• _Directions_:
With the pictures left out, retype exactly the lines below starting at the line that contains "DS-4송이 장미 꽃" and ending at the line that contains "Комунальники миють Центральну площу, фото-1".

• _Provided data_:
>>>
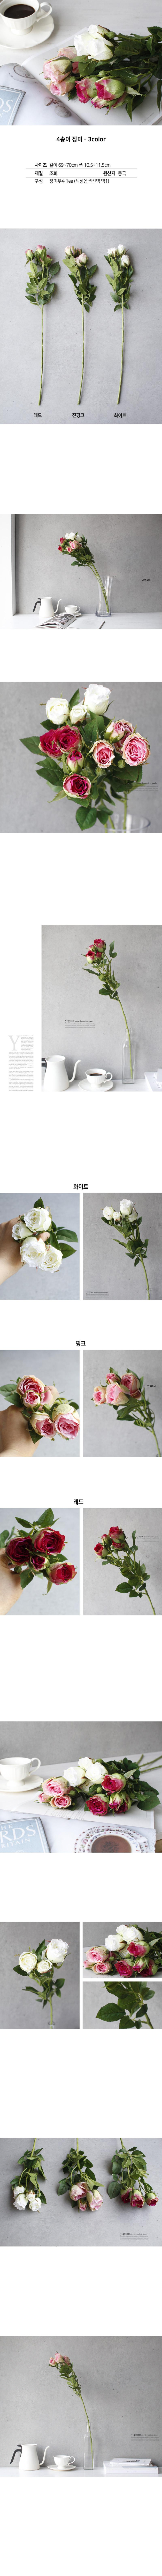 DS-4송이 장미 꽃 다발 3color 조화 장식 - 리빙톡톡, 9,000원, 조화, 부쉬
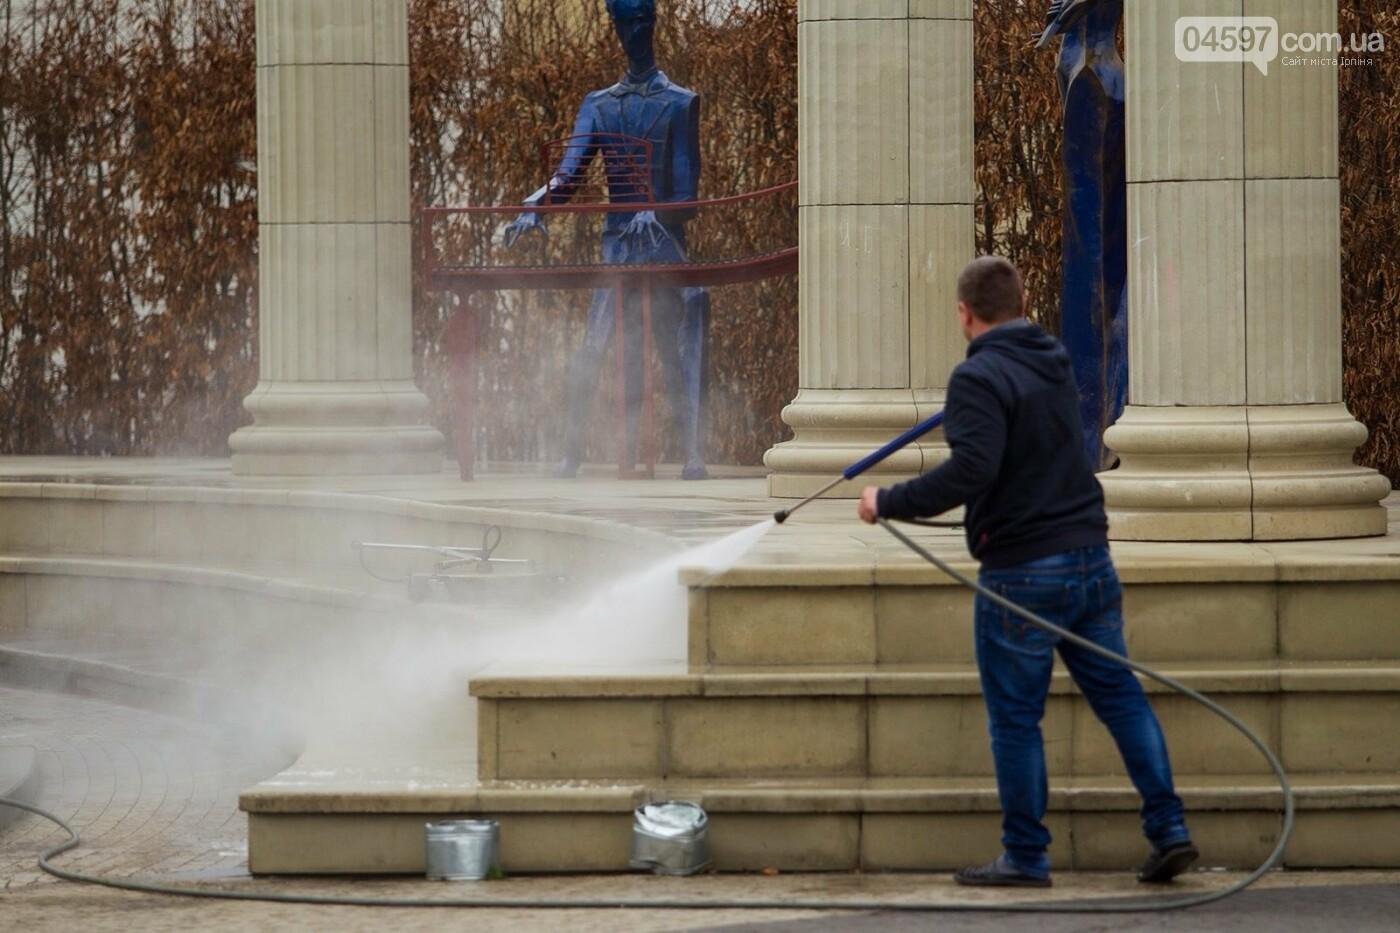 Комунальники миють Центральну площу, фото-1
<<<
>>>
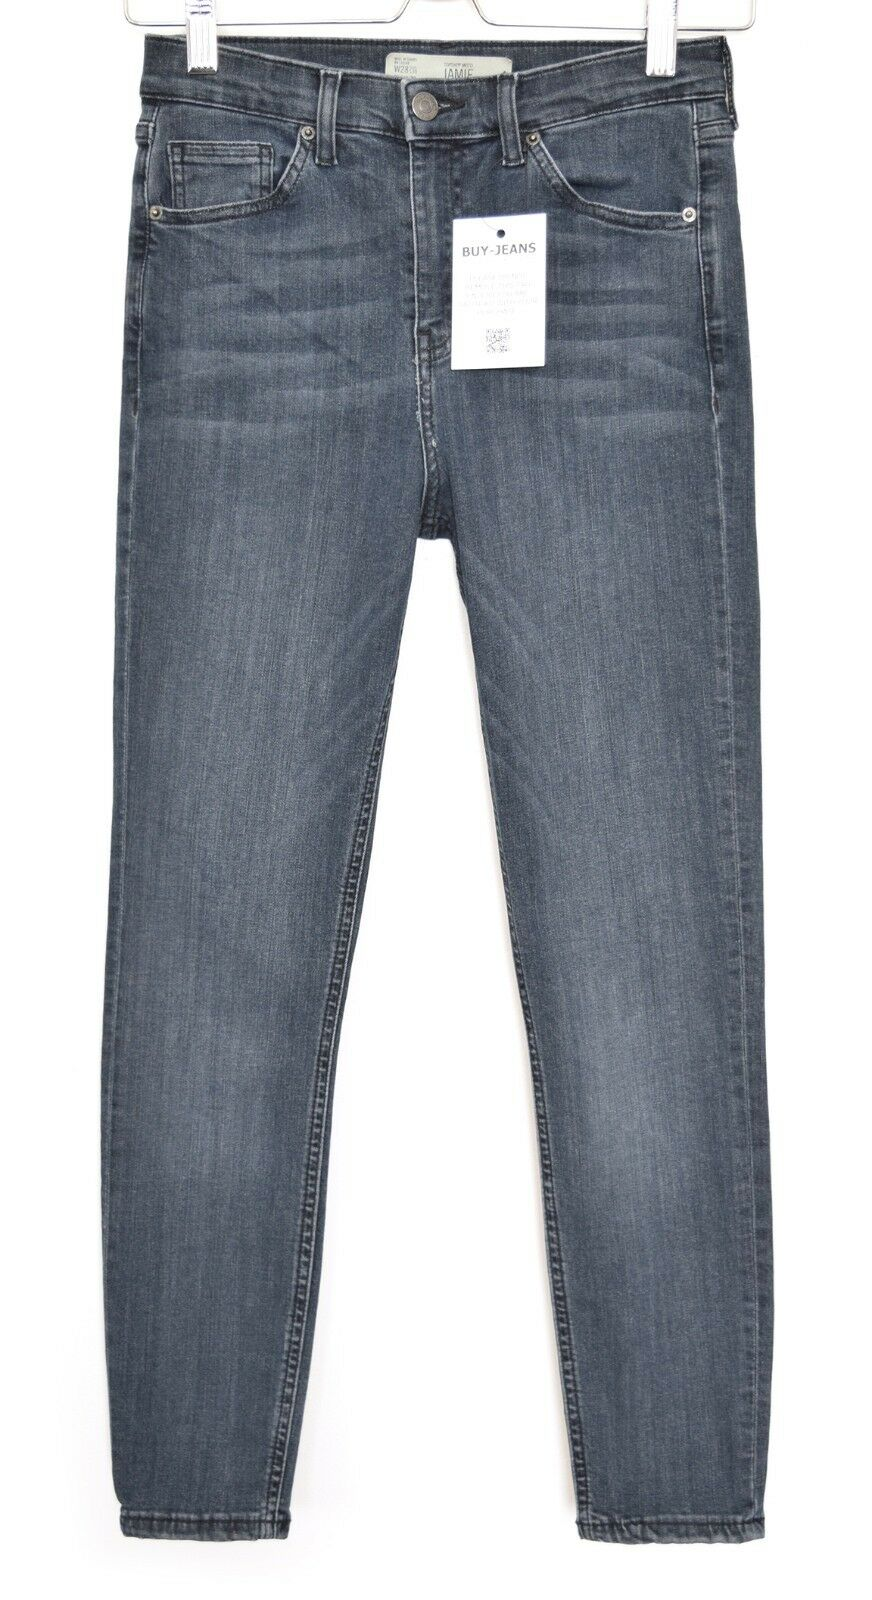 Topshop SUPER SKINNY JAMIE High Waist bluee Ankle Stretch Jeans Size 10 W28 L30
<<<
>>>
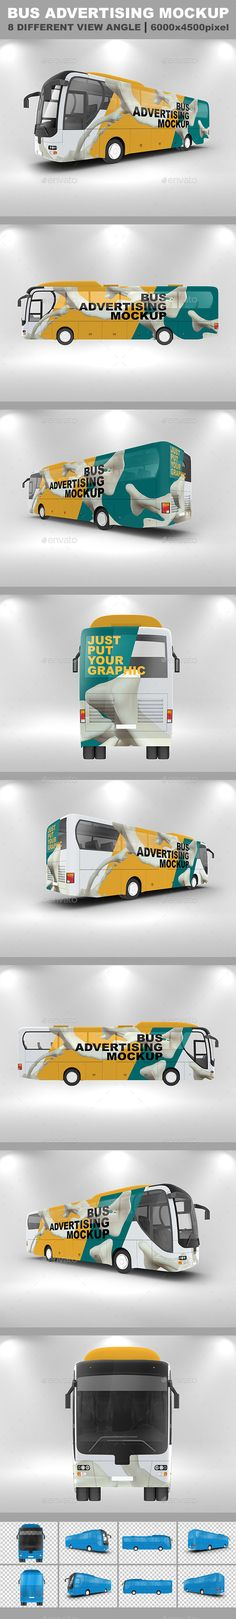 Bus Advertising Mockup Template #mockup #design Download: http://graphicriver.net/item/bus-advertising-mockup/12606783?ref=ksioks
<<<
• _Response to this exercise_:
 DS-4송이 장미 꽃 다발 3color 조화 장식 - 리빙톡톡, 9,000원, 조화, 부쉬
 Комунальники миють Центральну площу, фото-1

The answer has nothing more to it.